The organisers will provide GPU-enabled cloud runners which have access to larger private datasets for evaluation. To gain access, you must register. The organisers will then create a private team submission repository for you.

Layout

The organisers will import your submitted algorithm from main.py and then run & evaluate it. Please create this file! See the example main_*.py files for inspiration.

SIRF, CIL, and CUDA are already installed (using synerbi/sirf).
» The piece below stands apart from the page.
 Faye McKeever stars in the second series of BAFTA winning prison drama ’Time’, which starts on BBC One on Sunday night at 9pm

Additional dependencies may be specified via apt.txt, environment.yml, and/or requirements.txt.

  • (required) main.py: must define a class Submission(cil.optimisation.algorithms.Algorithm) and a (potentially empty) list of submission_callbacks, e.g.:

  • apt.txt: passed to apt install

  • environment.yml: passed to conda install, e.g.:

    name: winning-submission
    channels: [conda-forge, nvidia]
    dependencies:
    - cupy
    - cuda-version =11.8
    - pip
    - pip:
      - git+https://github.com/MyResearchGroup/prize-winning-algos
  • requirements.txt: passed to pip install, e.g.:

    cupy-cuda11x
    git+https://github.com/MyResearchGroup/prize-winning-algos

Tip

You probably should create either an environment.yml or requirements.txt file (but not both).
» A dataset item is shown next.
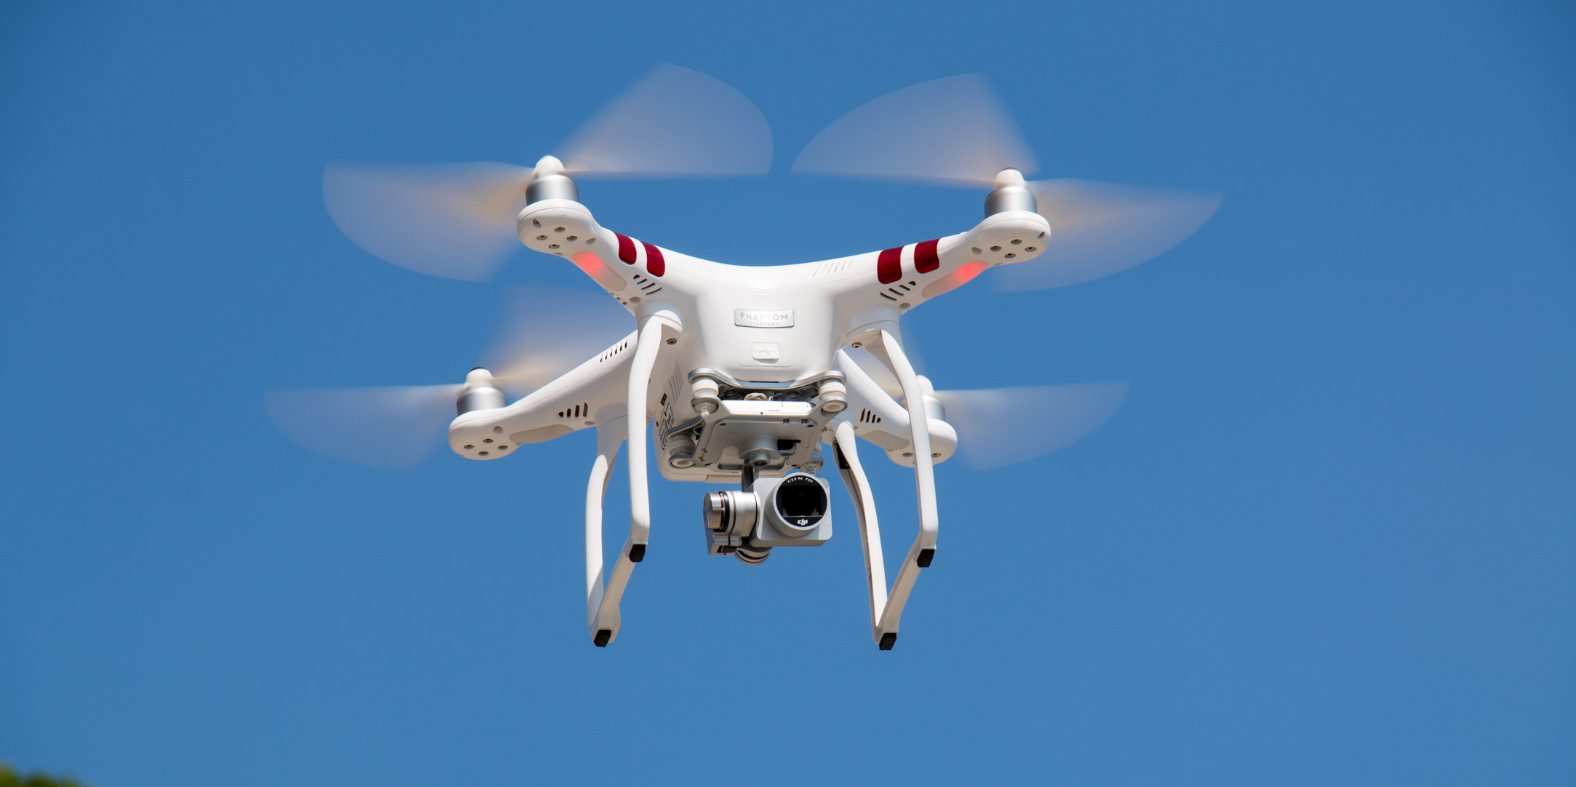 A New Outlook on Buying Your First Drone

You can also find some example notebooks here which should help you with your development:

Organiser setup

The organisers will execute (after installing nvidia-docker & downloading https://petric.tomography.stfc.ac.uk/data/ to /path/to/data):

# 1. git clone & cd to your submission repository
# 2. mount `.` to container `/workdir`:
docker run --rm -it --gpus all -p 6006:6006 \
  -v /path/to/data:/mnt/share/petric:ro \
  -v .:/workdir -w /workdir synerbi/sirf:edge-gpu /bin/bash
# 3. install metrics & GPU libraries
conda install monai tensorboard tensorboardx jupytext cudatoolkit=11.8
pip uninstall torch # monai installs pytorch (CPU), so remove it
pip install tensorflow[and-cuda]==2.14  # last to support cu118
pip install torch --index-url https://download.pytorch.org/whl/cu118
pip install git+https://github.com/TomographicImaging/Hackathon-000-Stochastic-QualityMetrics
# 4. optionally, conda/pip/apt install environment.yml/requirements.txt/apt.txt
# 5. run your submission
python petric.py &
# 6. optionally, serve logs at <http://localhost:6006>
tensorboard --bind_all --port 6006 --logdir ./output

FAQ

See the wiki/Home and wiki/FAQ for more info.

Tip

petric.py will effectively execute:

from main import Submission, submission_callbacks  # your submission (`main.py`)
from petric import data, metrics  # our data & evaluation
assert issubclass(Submission, cil.optimisation.algorithms.Algorithm)
Submission(data).run(numpy.inf, callbacks=metrics + submission_callbacks)

Warning

To avoid timing out (currently 10 min runtime, will likely be increased a bit for the final evaluation after submissions close), please disable any debugging/plotting code before submitting! This includes removing any progress/logging from submission_callbacks and any debugging from Submission.__init__.

  • data to test/train your Algorithms is available at https://petric.tomography.stfc.ac.uk/data/ and is likely to grow (more info to follow soon)
    • fewer datasets will be available during the submission phase, but more will be available for the final evaluation after submissions close
    • please contact us if you'd like to contribute your own public datasets!
  • metrics are calculated by class QualityMetrics within petric.py
    • this does not contribute to your runtime limit
    • effectively, only Submission(data).run(np.inf, callbacks=submission_callbacks) is timed
  • when using the temporary leaderboard, it is best to:
    • change Horizontal Axis to Relative
    • untick Ignore outliers in chart scaling
    • see the wiki for details

Any modifications to petric.py are ignored.